Buah kersen alias talok; buah ini sih masih banyak ditemui sampai hari ini. Dari level manis, dia termasuk buah yang tanpa memiliki rasa asam. Aku dulu sering memanjat pohon kersen di Komplek Kuburan Mbah Nyamplung yang banyak ditumbuhi kersen, sambil mengagumi beberapa nisan yang bentuknya cukup "wah", karena di sana adalah tempat pemakaman kerabat Dongkol Sumber, seorang "crazy rich" pada masanya.
Selanjutnya adalah Buah ceplukan; tanaman perdu ini juga agak manis rasanya, dan masih bisa dijumpai di tepi pematang sawah. Bahkan, di beberapa artikel, aku pernah baca kalau buah ini naik kelas, dikemas apik dan dipasarkan di supermarket dengan julukan golden berries. Dulu, kalau Mbah Buyut pulang dari sawah, Aku sering mendapat 'oleh-oleh' buah ini, sewadah full toples sabun colek B-29!
Kalau buah wuni alias buni, adalah buah yang susunan buahnya  mirip merica tapi ukurannya lebih besar. Konon, buah ini berasal dari gigi orang-orang yang sudah meninggal (hoax jaduuullll...). Level masamnya lumayan juga, dan kalau tidak sabar makannya, mending dibebeg dibikin rujak saja. Rasanya bakal bikin ngileerrrr...
Buah Klayu; buahnya yang tua berwarna merah. Tapi meskipun sudah berwarna merah-merah, jangan harap akan mendapati rasa manis maksimal, karena di level kematangan itu, rasa sepat masih terasa. Cita rasa terbaiknya mucul ketika warna buah sudah mulai agak-agak merah hitam. Meskipun buah ini sudah sangat langka, tapi masih ada pohonnya di kebon belakang rumah.
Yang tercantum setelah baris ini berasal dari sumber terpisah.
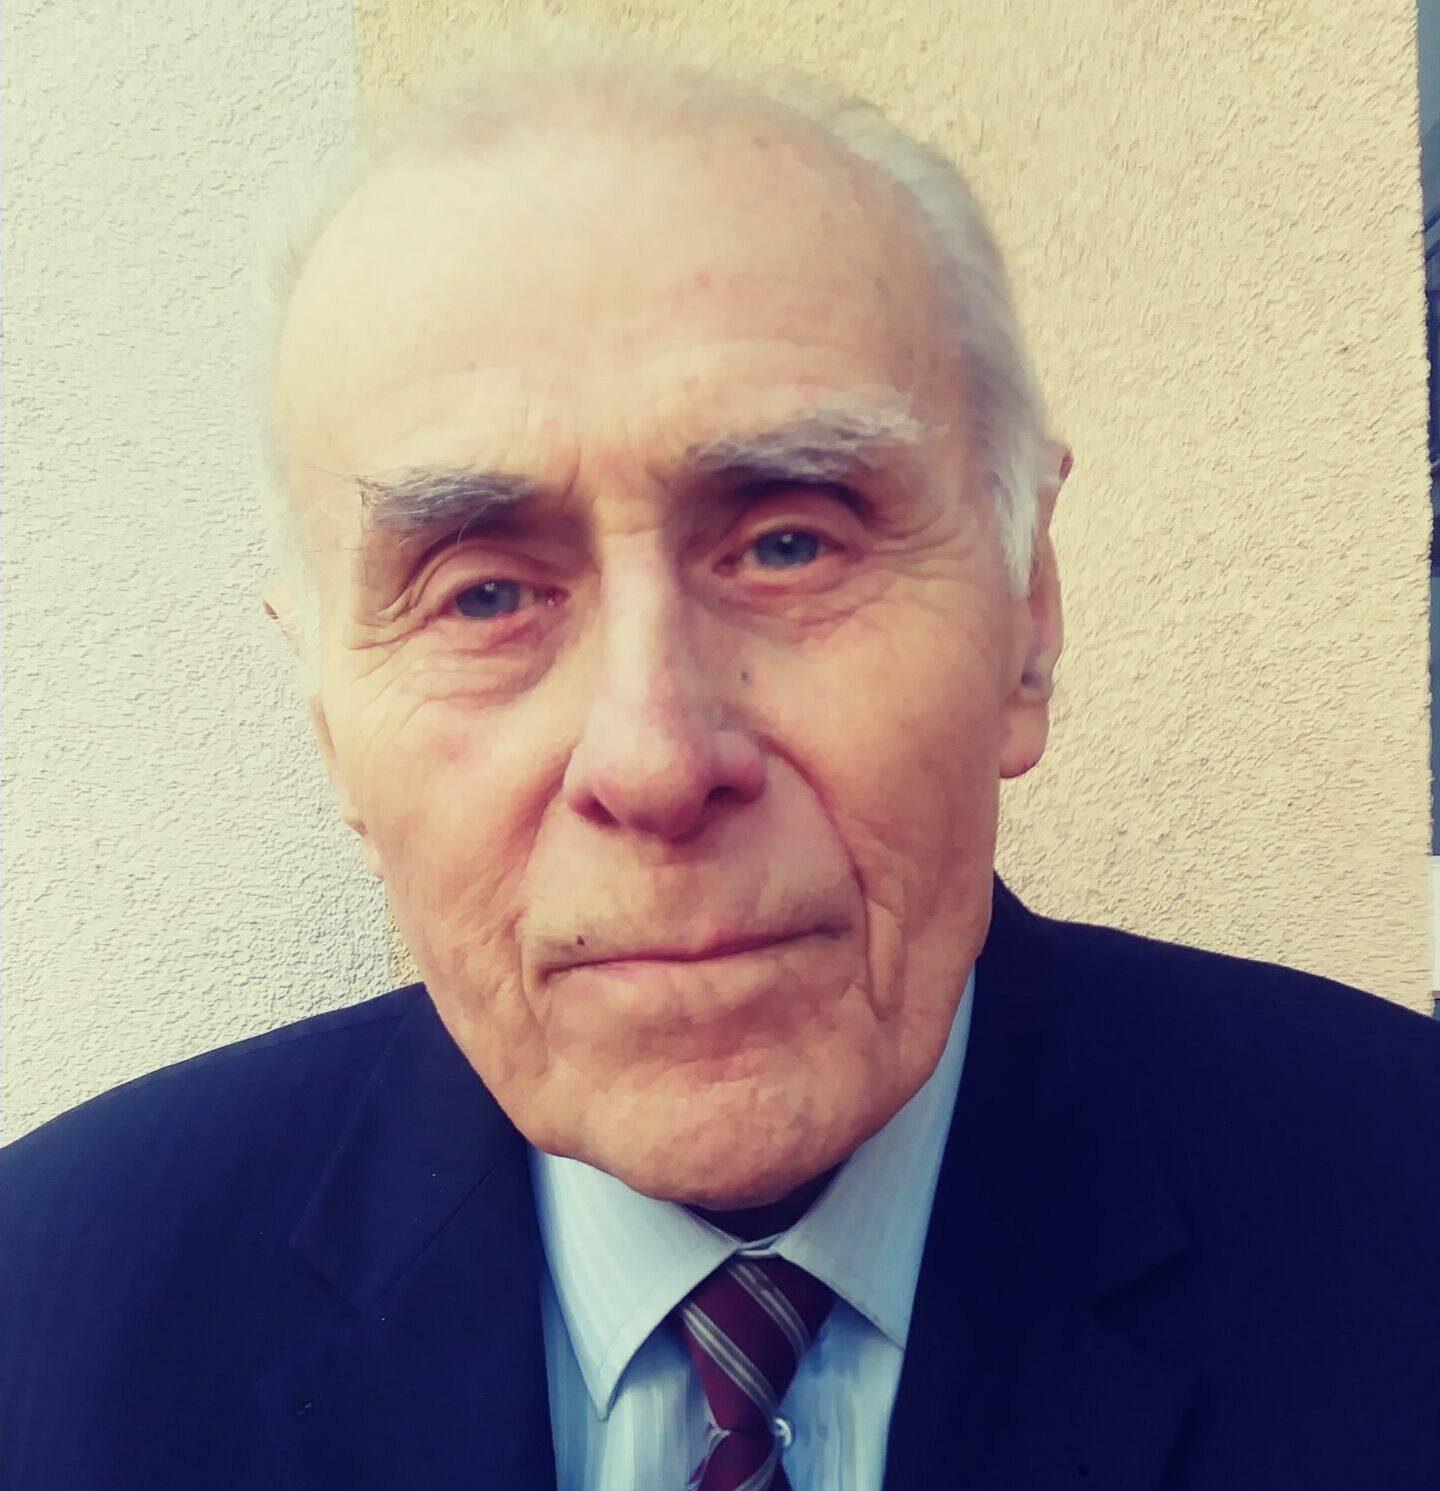 Dr n. med. Tadeusz Borowski-Beszta: Czuję moralny obowiązek służenia bliźnim w potrzebie
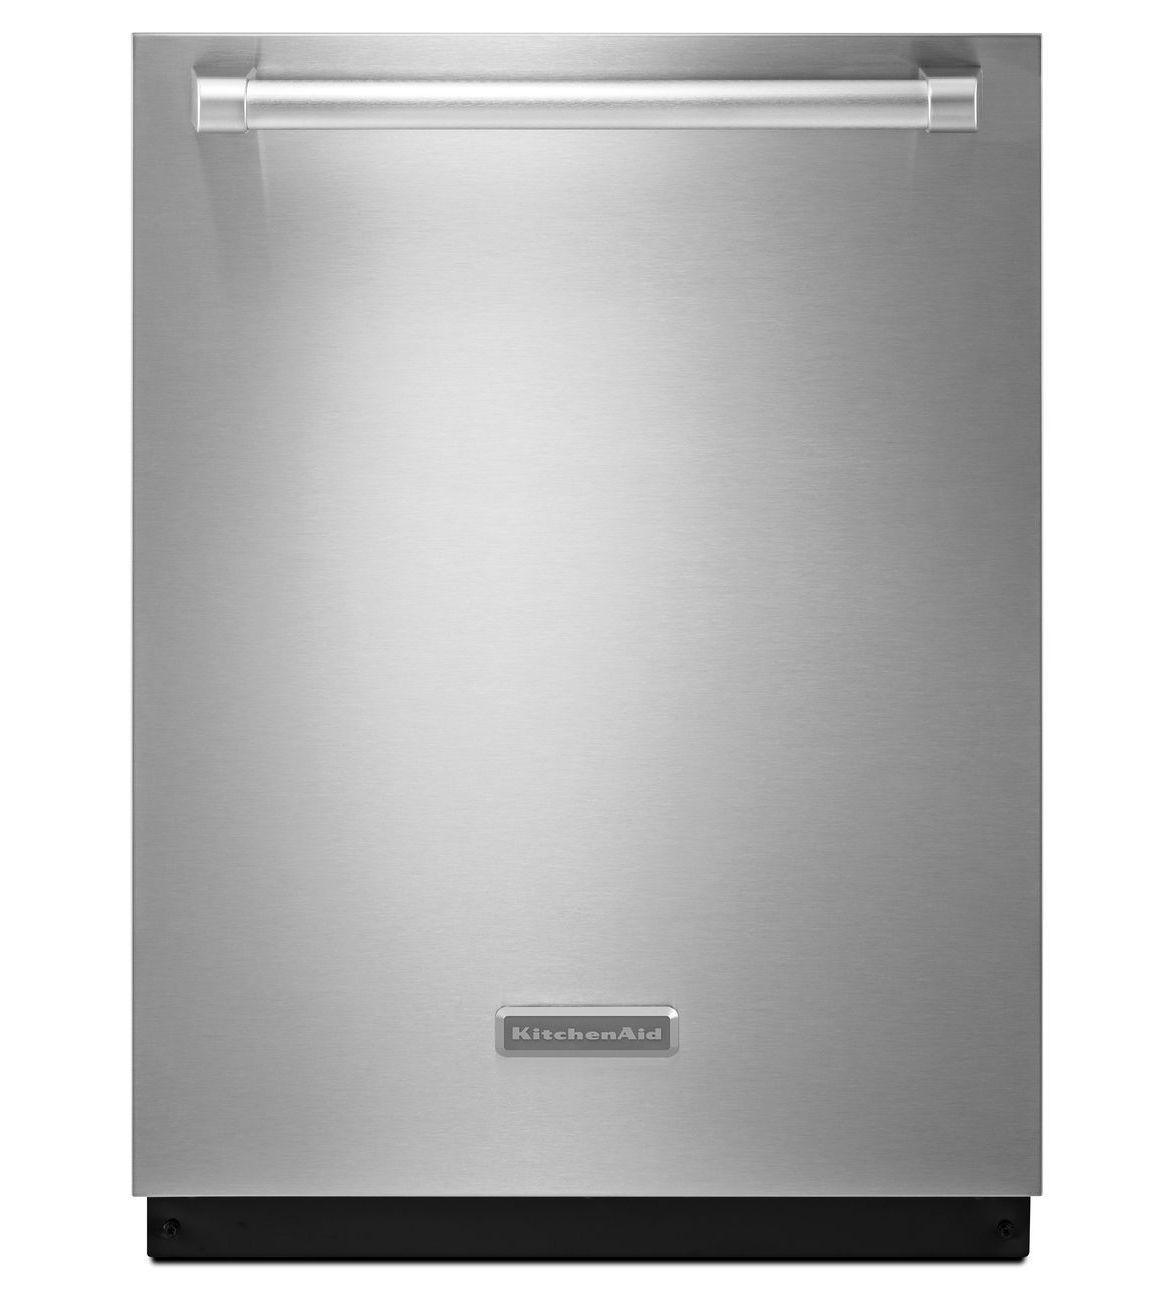 kitchenaid dishwasher model number kdtm404kps

Kenitu, alias sawo bludru, buahnya maniiiisss... tapi meskipun manis, di beberapa literature menyebutkan buah ini berkhasiat mengendalikan gula darah lho... dan, jangan iri ya, kalau lagi-lagi kutulis bahwa pohon ini juga eksis di kebon belakang rumah, meskipun belum berbuah. Tapi kemarin ketika menengok ke dahannya, Aku melihat beberapa rantingnya sudah berbunga. Yeeaayyy!!!